Тем с большим неодобрением Довлатов следил за тем, как, веселясь и ухая, мы добровольно отдаем половину себя другому.

– Это все равно, – ворчал он, – что делить невесту.

Кроме того, мы уже написали то, что собирались, и немало из того, что хотели. Теперь нам предлагали тиражировать жанр и сочинять все, чего от нас ждали: вторую «Родную речь», не говоря уже о «Русской кухне».

Более того, мы добились своего. Однажды нас узнали на улице в Париже. Патриоты напечатали фельетон «Барыги с Брайтон-Бич». В русском Нью-Йорке нас дразнили, пародировали и путали.

– Умно, – хвалил Дмитрий Александрович Пригов, – двоих запомнить легче, чем одного.

– Какой у вас маркетинг? – интересовался изощренный филолог Жолковский, от которого я впервые услышал это слово.

Говоря короче, мы слили две фамилии в одну, и нам она надоела. Но разлепиться оказалось труднее, чем сойтись. Вначале-то мы ничем не рисковали, теперь нам мешала конкуренция: общее наследство в шесть книг, одна из которых вышла тиражом в 100 тысяч и была рекомендована средним школам, видимо, для изготовления шпаргалок.

– Раньше был один писатель, – нашелся Петр, – теперь их стало трое: Вайль-и-Генис, Вайль, Генис. Первый бросал вызов остальным, и прежде всего мы постарались разойтись подальше. Вайль решил полюбить джаз, я – одиночество.

Мне было проще. Всю жизнь я обходился без записной книжки, редко звонил и не писал письма, а только подписывал их. В нашем камерном государстве обходительный Вайль был министром внешних сношений. Я все еще прятал застенчивость разночинца за хамоватыми манерами и вступал в общение после Петиной увертюры – на все готовое.

Но теперь демократия кончилась, я стал абсолютным монархом себя, и это значило, что молодость прошла. Она и так тянулась дольше, чем положено.

2

И тут позвонил телефон.

– Сэр Майкл, – представились на другом конце.

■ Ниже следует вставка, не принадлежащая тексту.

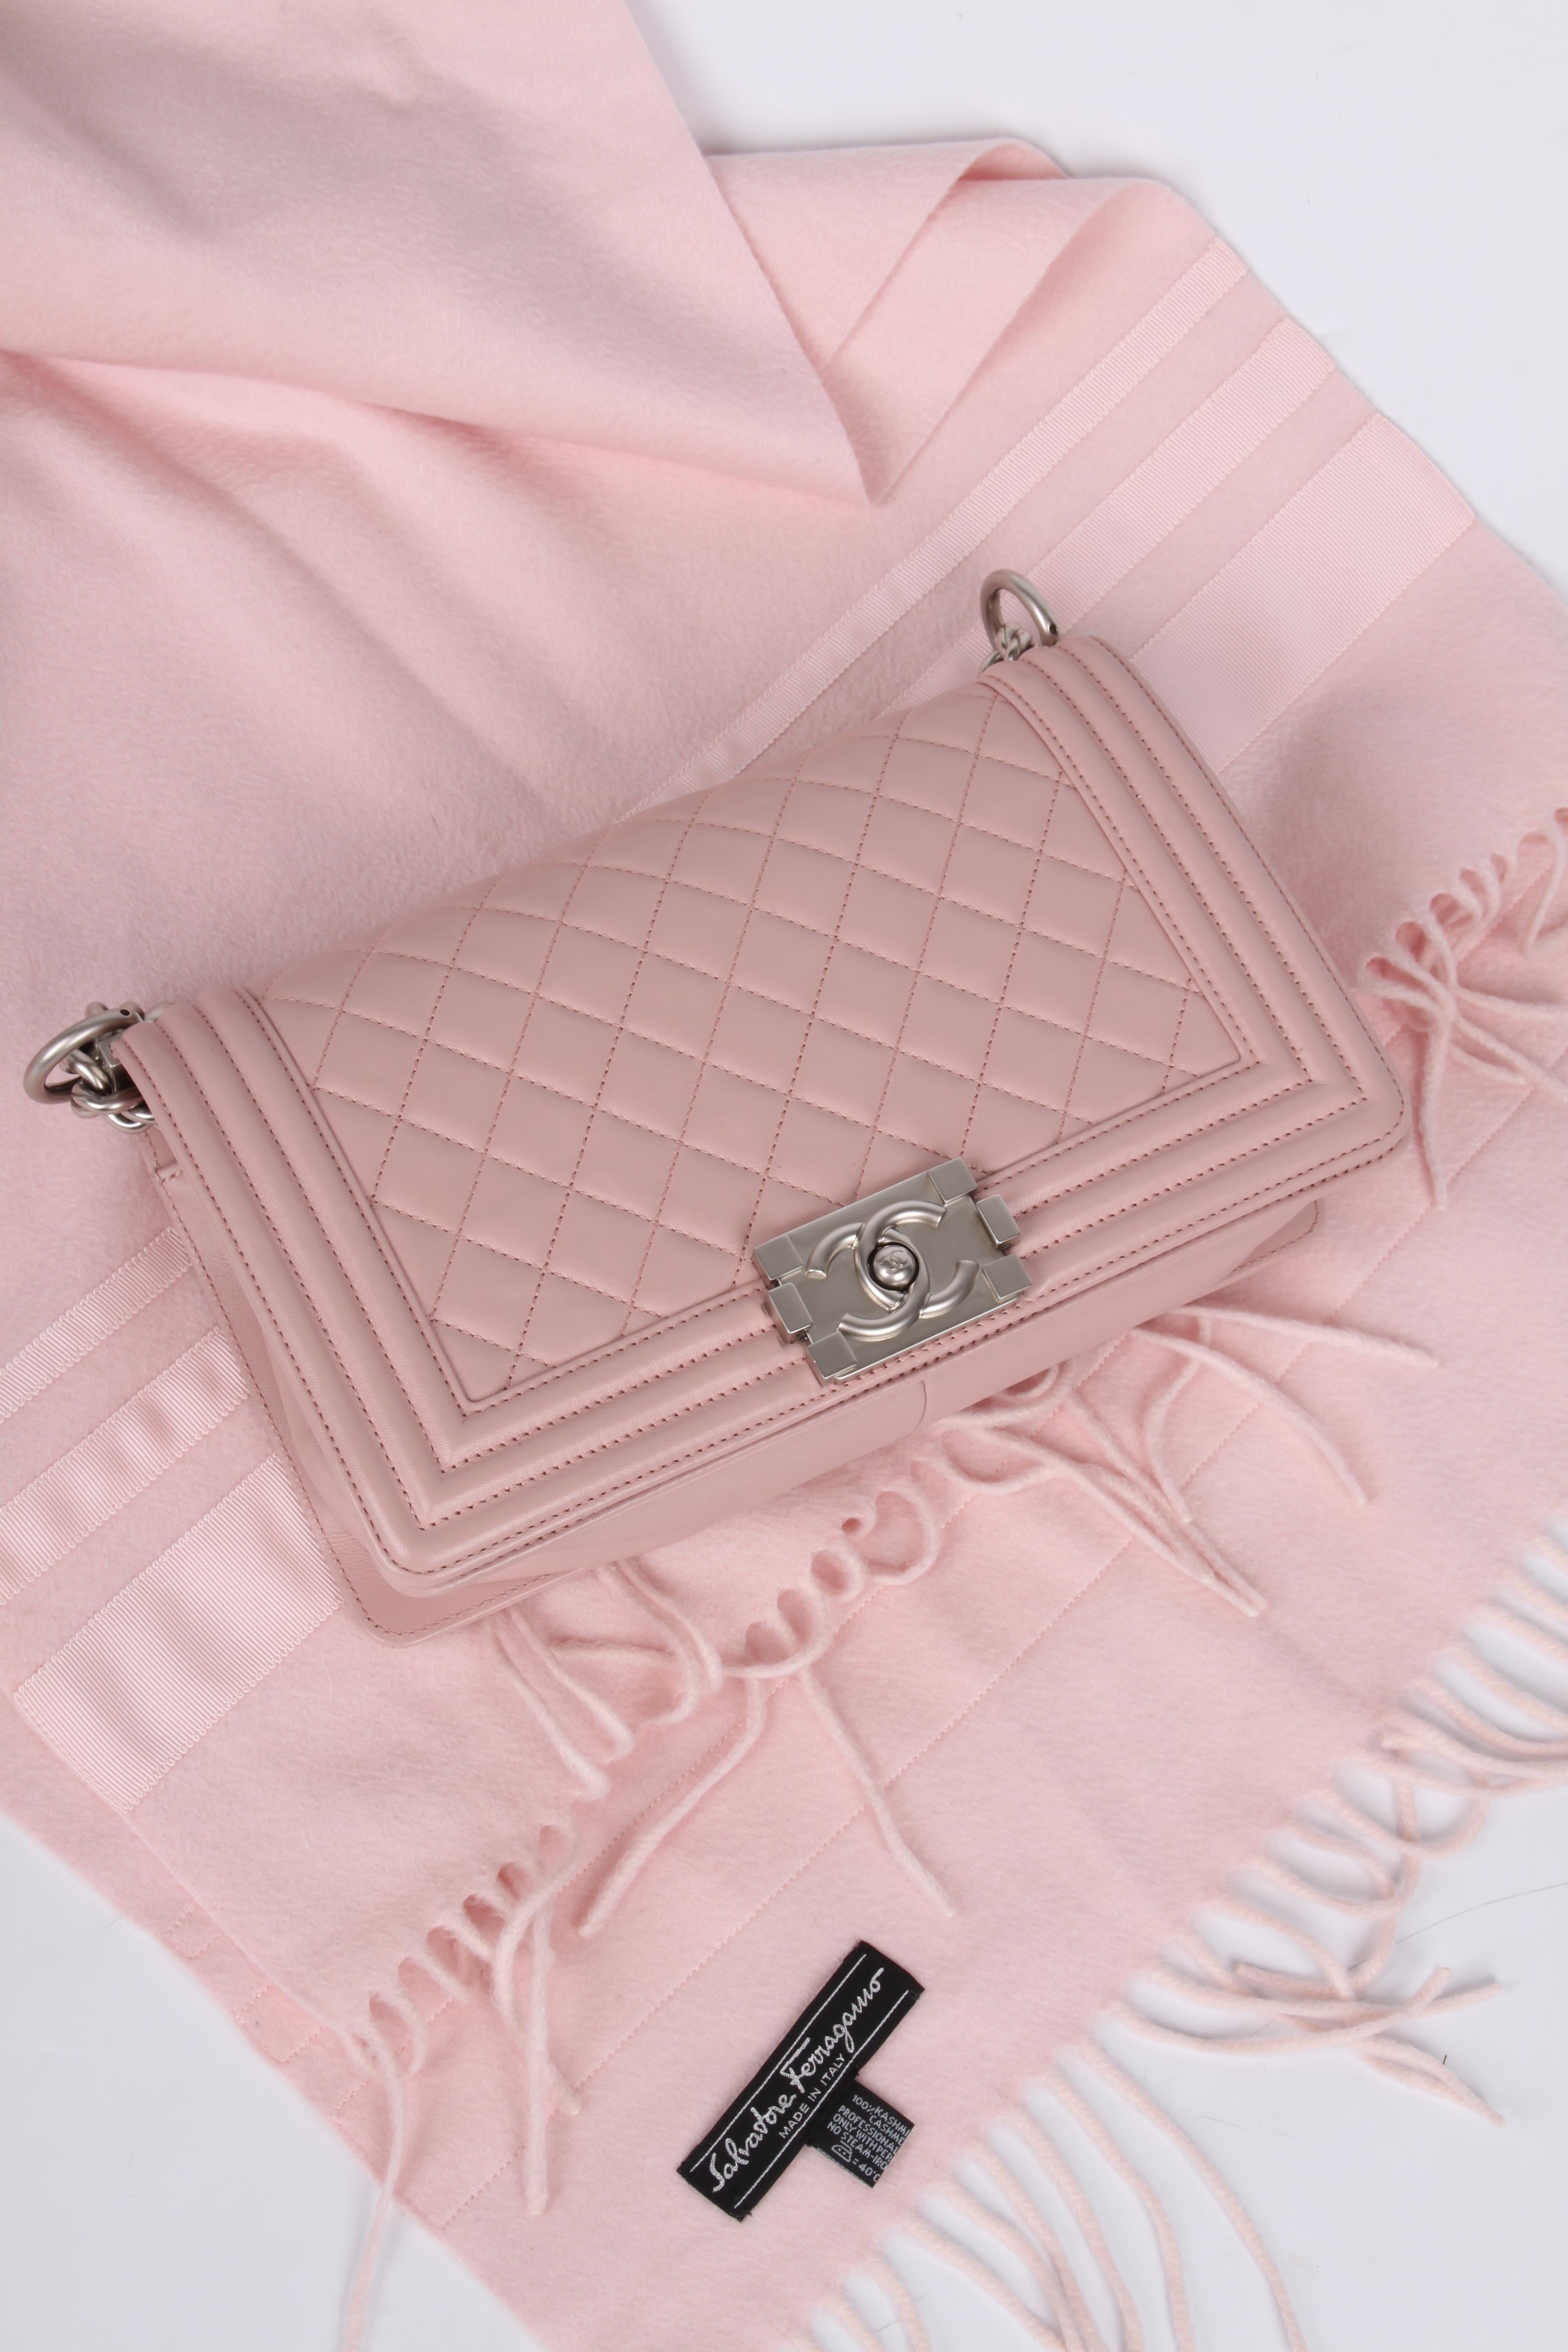 Chanel Le Boy Bag Medium - dusty pale pink 3

– Сэр так сэр, – глупо ответил я, подозревая, что мне что-то продают.

Но Майкл и правда был сэром, как положено называть лордов в той стране, что позвала меня в жюри премии Букер. Мне в нем очень понравилось. Слева сидел академик Иванов, который всё знал, справа – Булат Окуджава, которого все знали, напротив – сразу два лорда и между ними их шофер с черными ногтями. Он стрелял сигареты то у правого, то у левого лорда, что привело меня в демократический экстаз.

– Английский плебс, – говорил я себе, – не вешал свою аристократию, а сравнялся с ней достоинством.

Беседа, естественно, шла о литературе. Англичане хотели про Афган, Окуджава настаивал, чтобы премию получил фронтовик, Иванов болел за полиглота, я – за Сорокина, про которого не хотели и слушать. Зато мне удалось пропихнуть Пелевина, получившего за сборник рассказов «Синий фонарь» малого Букера – на вырост. Спонсором премии был тот самый шофер, Фрэнсис. Он оказался сыном Грэма Грина и водил не только машину, но и собственный самолет, на котором прилетал в Москву, где его ждала любимая женщина трудной судьбы, жившая на Второй улице Восьмого марта.